Instauration de la carte nationale du donneur
Le programme national annoncé par Douagui prévoit la mise en place d’une carte nationale du donneur ainsi qu’un registre des donneurs, permettant de recenser les personnes volontaires et de faciliter l’organisation des greffes. Il vise également à renforcer les prérogatives de l’Agence nationale de greffe d’organes, tant en termes de ressources humaines que matérielles, afin qu’elle puisse assurer pleinement la mise en œuvre du plan national.
Le projet inclut la création de trois pôles hospitaliers spécialisés pour la greffe, ainsi que des campagnes de sensibilisation et de conscientisation auprès des citoyens pour promouvoir la culture du don d’organes et encourager les familles à participer à ce geste vital.
Progrès en greffes de moelle osseuse, hépatique et cornée
Cette journée parlementaire a également permis de présenter les avancées dans plusieurs domaines : la greffe de moelle osseuse, la greffe hépatique et la greffe de cornée, mettant en lumière les compétences locales, tout en soulignant le besoin urgent de moyens organisationnels adaptés.
Le professeur Ahmed Nacer Redouane a exposé les progrès réalisés dans la greffe de cellules souches hématopoïétiques, tandis que la professeure Nassima Benmerzouga Mahfoudi a présenté l’état des lieux et les perspectives de la greffe de cornée en Algérie.
Pôles hospitaliers régionaux spécialisés
À l’issue de cette rencontre, plusieurs recommandations pratiques ont été formulées pour améliorer le système de greffes en Algérie. Parmi les mesures proposées, la relance de l’Agence nationale de la greffe d’organes figure en bonne place. Il a été suggéré de renforcer ses prérogatives afin d’optimiser le processus de gestion des dons et des greffes à l’échelle nationale.
Une autre recommandation importante concerne la création de pôles hospitaliers régionaux spécialisés dans la transplantation, ce qui permettrait de mieux répartir les ressources et d’améliorer l’accessibilité aux soins.

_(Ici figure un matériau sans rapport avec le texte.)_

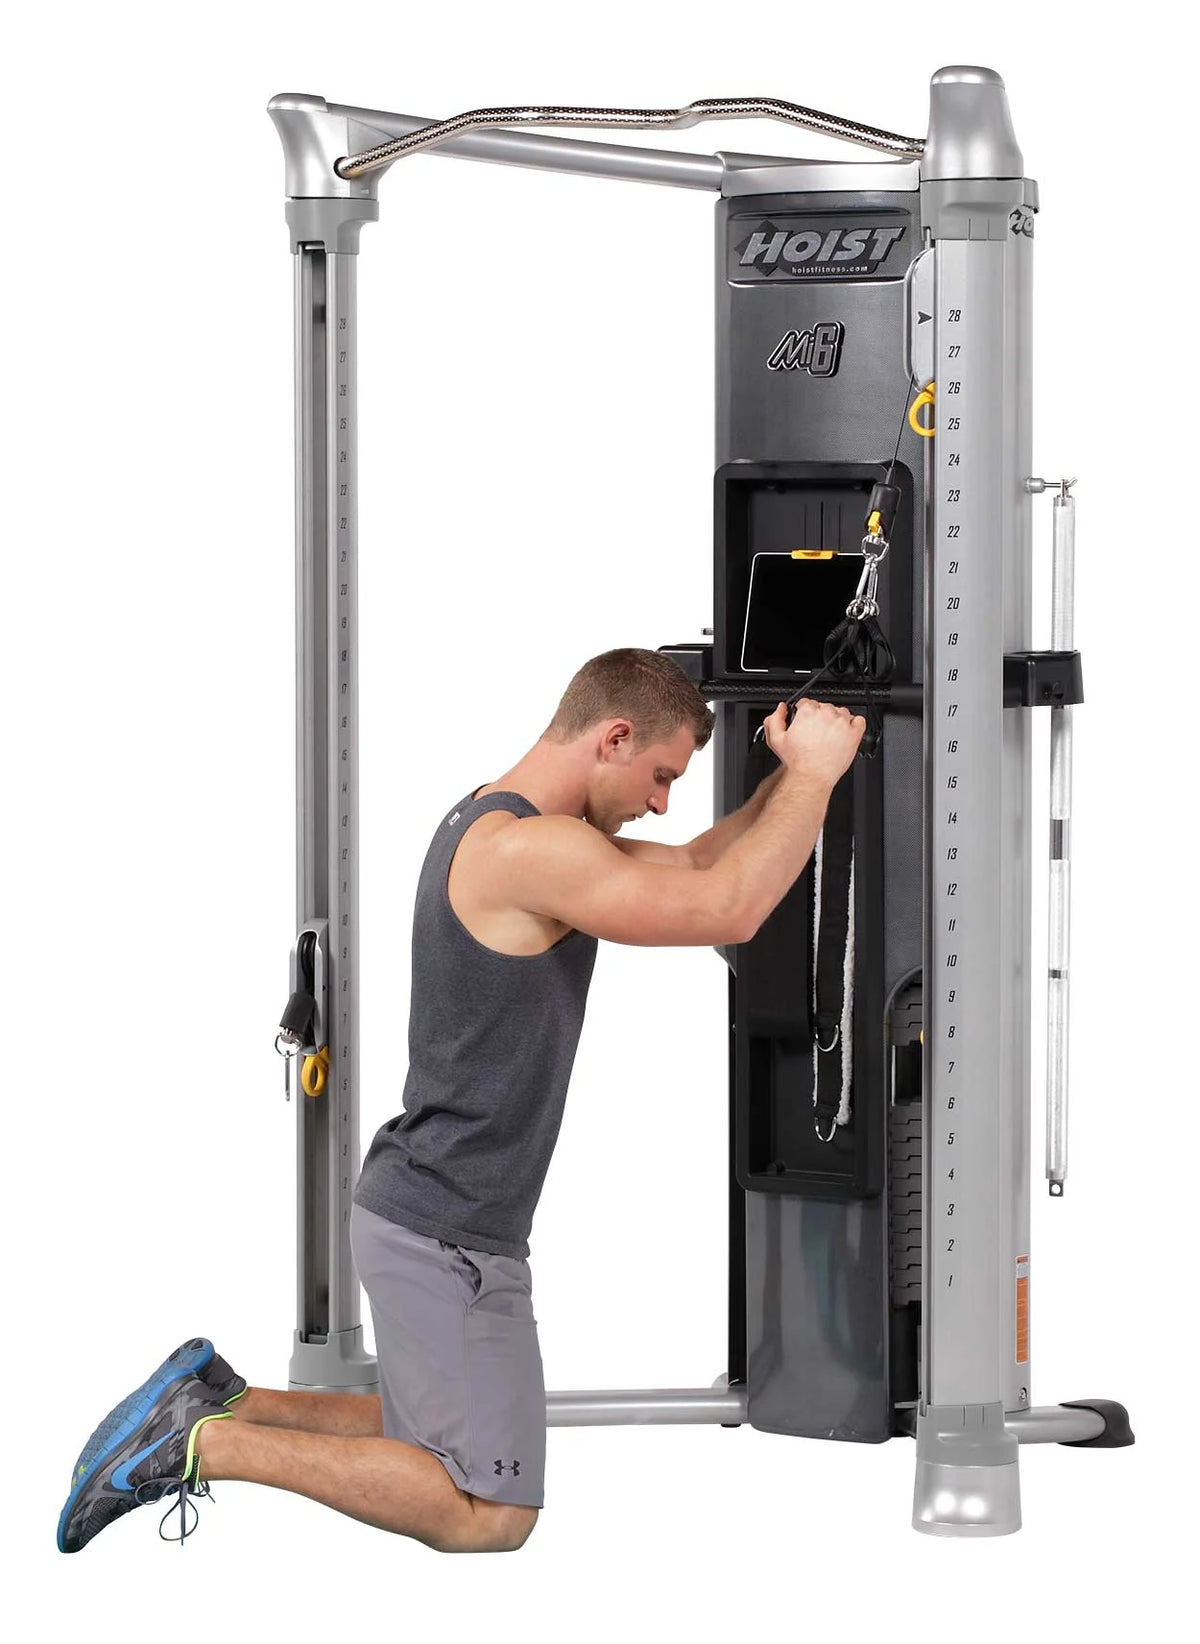 Hoist Fitness Mi6 Functional Trainer System view in use | Fitness Experience

Un autre aspect crucial abordé a été la mise en place d’un registre national des donneurs d’organes. Ce registre serait régi par des normes juridiques et éthiques strictes afin d’assurer la transparence et la sécurité dans le processus de don d’organes, tout en respectant les droits des donneurs et des receveurs.
En outre, le développement de la formation médicale spécialisée a été évoqué comme un impératif pour accompagner la croissance de la transplantation d’organes. Des efforts doivent être faits pour améliorer la formation des médecins et des spécialistes afin qu’ils puissent suivre les avancées scientifiques et techniques dans ce domaine.